§ **ACTIVITY**
What is needed is every line of the data that includes the word "basket". Please copy each one.

§ **THE DATA**
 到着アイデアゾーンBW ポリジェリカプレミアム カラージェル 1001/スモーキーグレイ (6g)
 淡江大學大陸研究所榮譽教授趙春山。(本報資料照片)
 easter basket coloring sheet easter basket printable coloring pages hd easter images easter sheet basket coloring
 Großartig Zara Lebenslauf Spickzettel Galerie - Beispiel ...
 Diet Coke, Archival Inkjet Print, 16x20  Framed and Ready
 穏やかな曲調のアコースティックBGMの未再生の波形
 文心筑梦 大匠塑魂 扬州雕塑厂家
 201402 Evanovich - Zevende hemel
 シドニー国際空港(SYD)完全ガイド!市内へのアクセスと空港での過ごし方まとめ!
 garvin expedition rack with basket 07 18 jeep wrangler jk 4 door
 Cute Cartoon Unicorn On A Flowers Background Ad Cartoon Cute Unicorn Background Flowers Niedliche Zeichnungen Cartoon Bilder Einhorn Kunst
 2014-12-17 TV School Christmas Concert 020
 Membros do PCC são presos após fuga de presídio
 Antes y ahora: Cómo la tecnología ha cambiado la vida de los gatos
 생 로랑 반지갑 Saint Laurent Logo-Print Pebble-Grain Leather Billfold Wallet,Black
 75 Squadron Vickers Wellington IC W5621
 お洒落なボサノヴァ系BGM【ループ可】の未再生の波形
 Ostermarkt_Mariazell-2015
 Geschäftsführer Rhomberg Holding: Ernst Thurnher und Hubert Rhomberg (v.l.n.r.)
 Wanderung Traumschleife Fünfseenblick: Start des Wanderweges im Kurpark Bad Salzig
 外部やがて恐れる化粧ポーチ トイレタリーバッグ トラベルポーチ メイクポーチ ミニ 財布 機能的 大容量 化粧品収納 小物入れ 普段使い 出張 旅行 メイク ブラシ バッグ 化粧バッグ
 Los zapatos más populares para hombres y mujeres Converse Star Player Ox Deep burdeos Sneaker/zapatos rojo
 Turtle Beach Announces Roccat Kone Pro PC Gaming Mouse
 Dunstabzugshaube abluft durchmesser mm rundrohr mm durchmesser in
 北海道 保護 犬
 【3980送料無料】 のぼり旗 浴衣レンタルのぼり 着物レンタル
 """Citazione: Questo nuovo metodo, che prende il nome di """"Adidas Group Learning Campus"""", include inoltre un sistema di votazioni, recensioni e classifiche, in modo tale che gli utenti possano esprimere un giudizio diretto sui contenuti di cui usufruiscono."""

§ **EXERCISE RESPONSE**
 easter basket coloring sheet easter basket printable coloring pages hd easter images easter sheet basket coloring
 garvin expedition rack with basket 07 18 jeep wrangler jk 4 door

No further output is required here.